The task: For this listing, reproduce the line with "United States Home", the line with "New Orleans Saints", and the lines between, exactly as they stand. Leave out pictures and all other lines.

Given records:
####
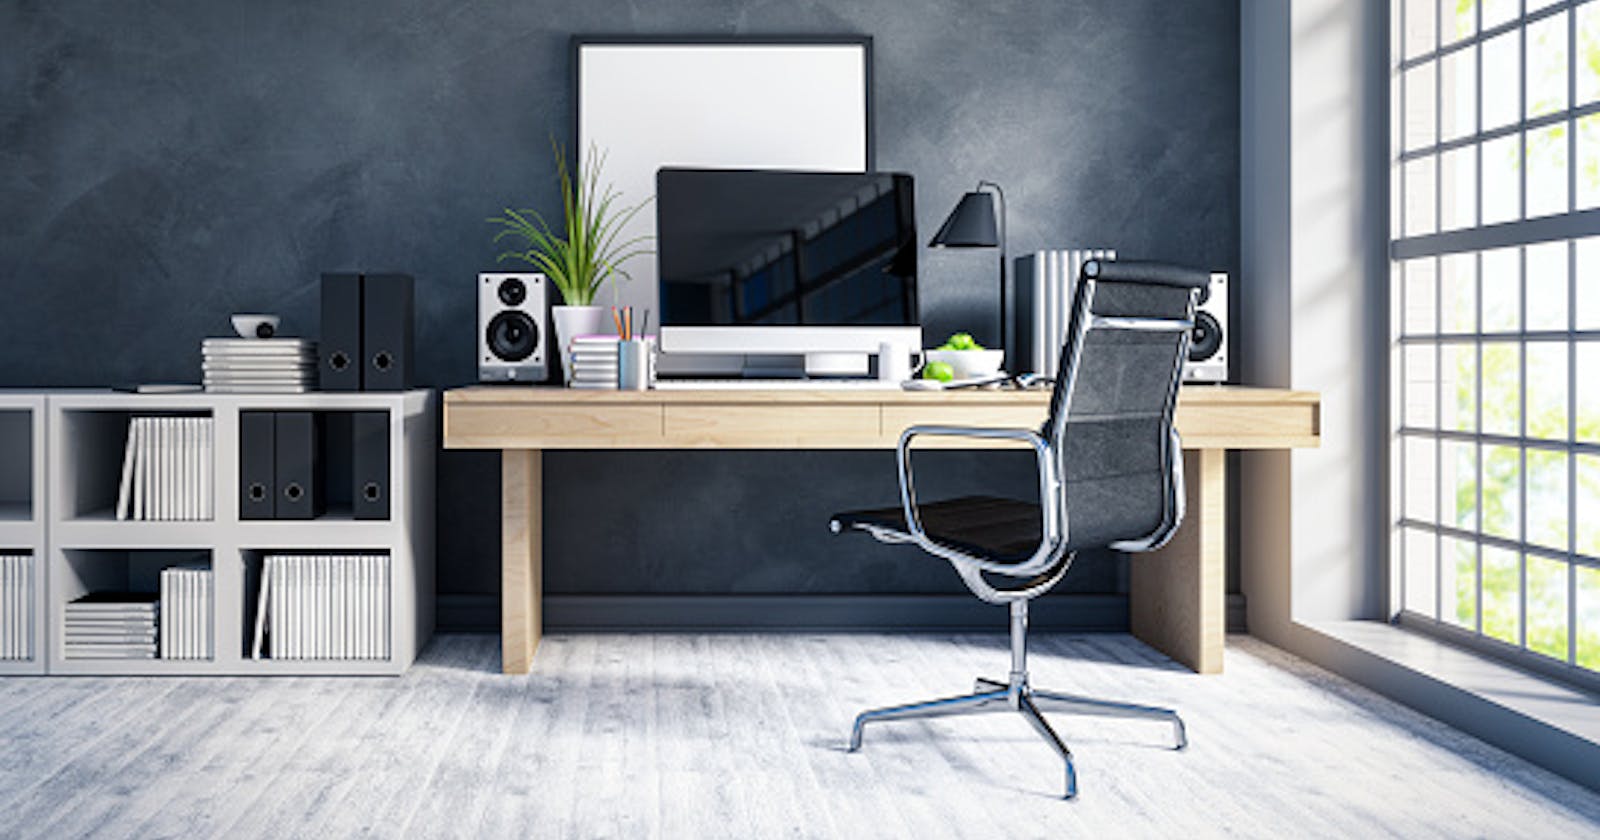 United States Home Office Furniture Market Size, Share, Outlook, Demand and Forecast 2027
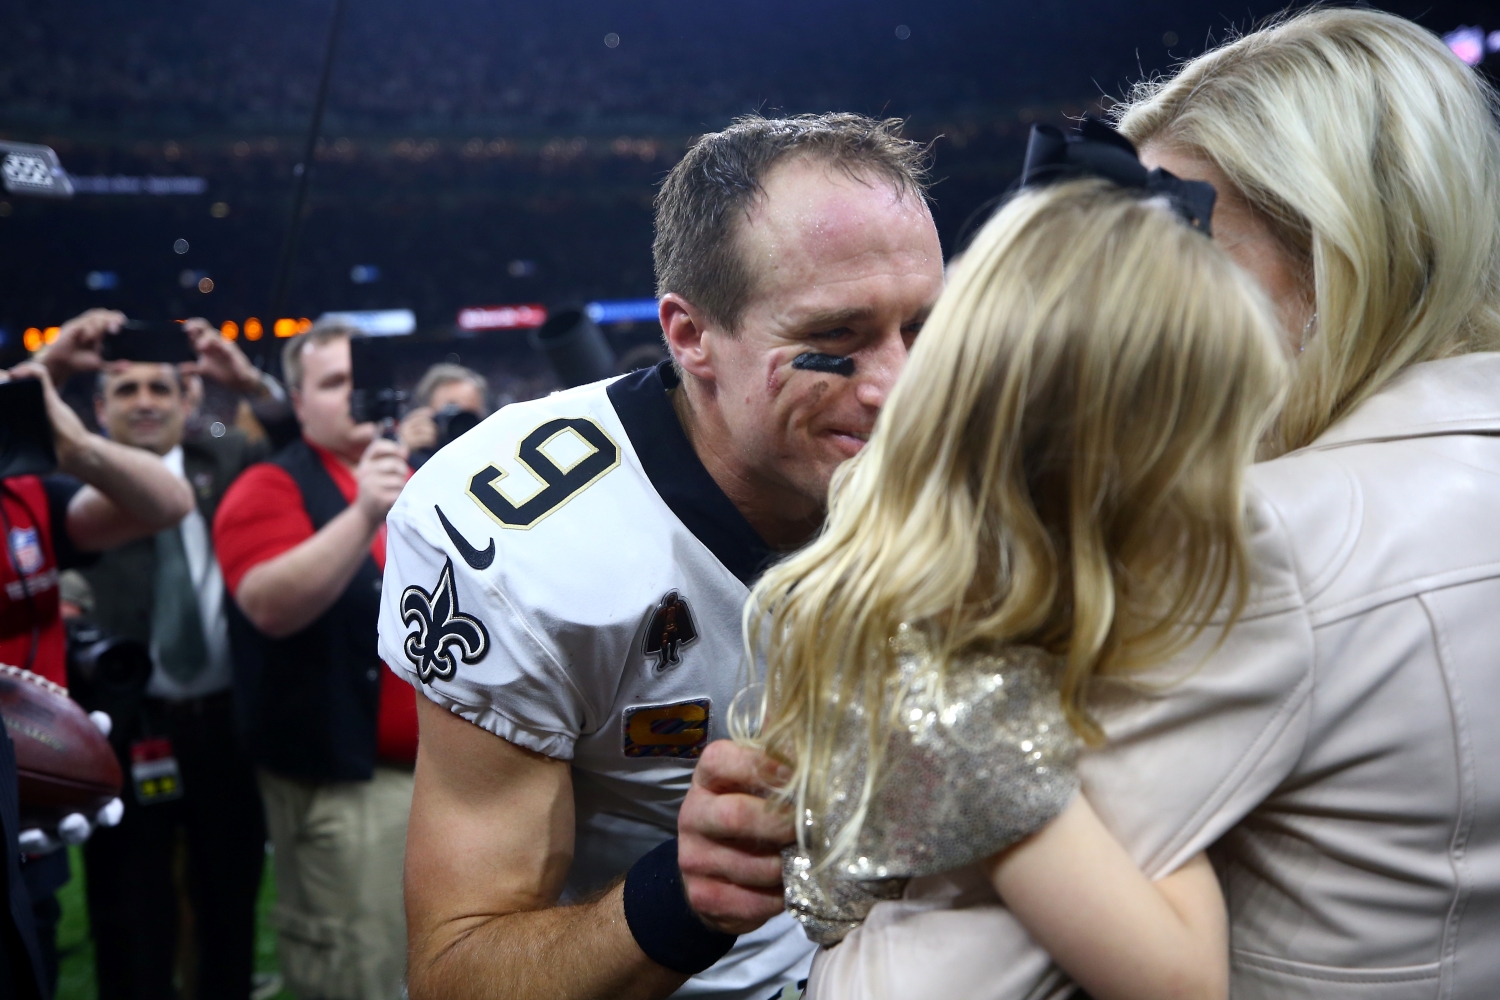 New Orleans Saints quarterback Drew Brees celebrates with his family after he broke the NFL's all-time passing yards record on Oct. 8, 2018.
####
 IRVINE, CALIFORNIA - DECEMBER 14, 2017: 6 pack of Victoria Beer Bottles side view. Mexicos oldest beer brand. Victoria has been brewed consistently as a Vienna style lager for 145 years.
####
Problem solution:
 United States Home Office Furniture Market Size, Share, Outlook, Demand and Forecast 2027
 New Orleans Saints quarterback Drew Brees celebrates with his family after he broke the NFL's all-time passing yards record on Oct. 8, 2018.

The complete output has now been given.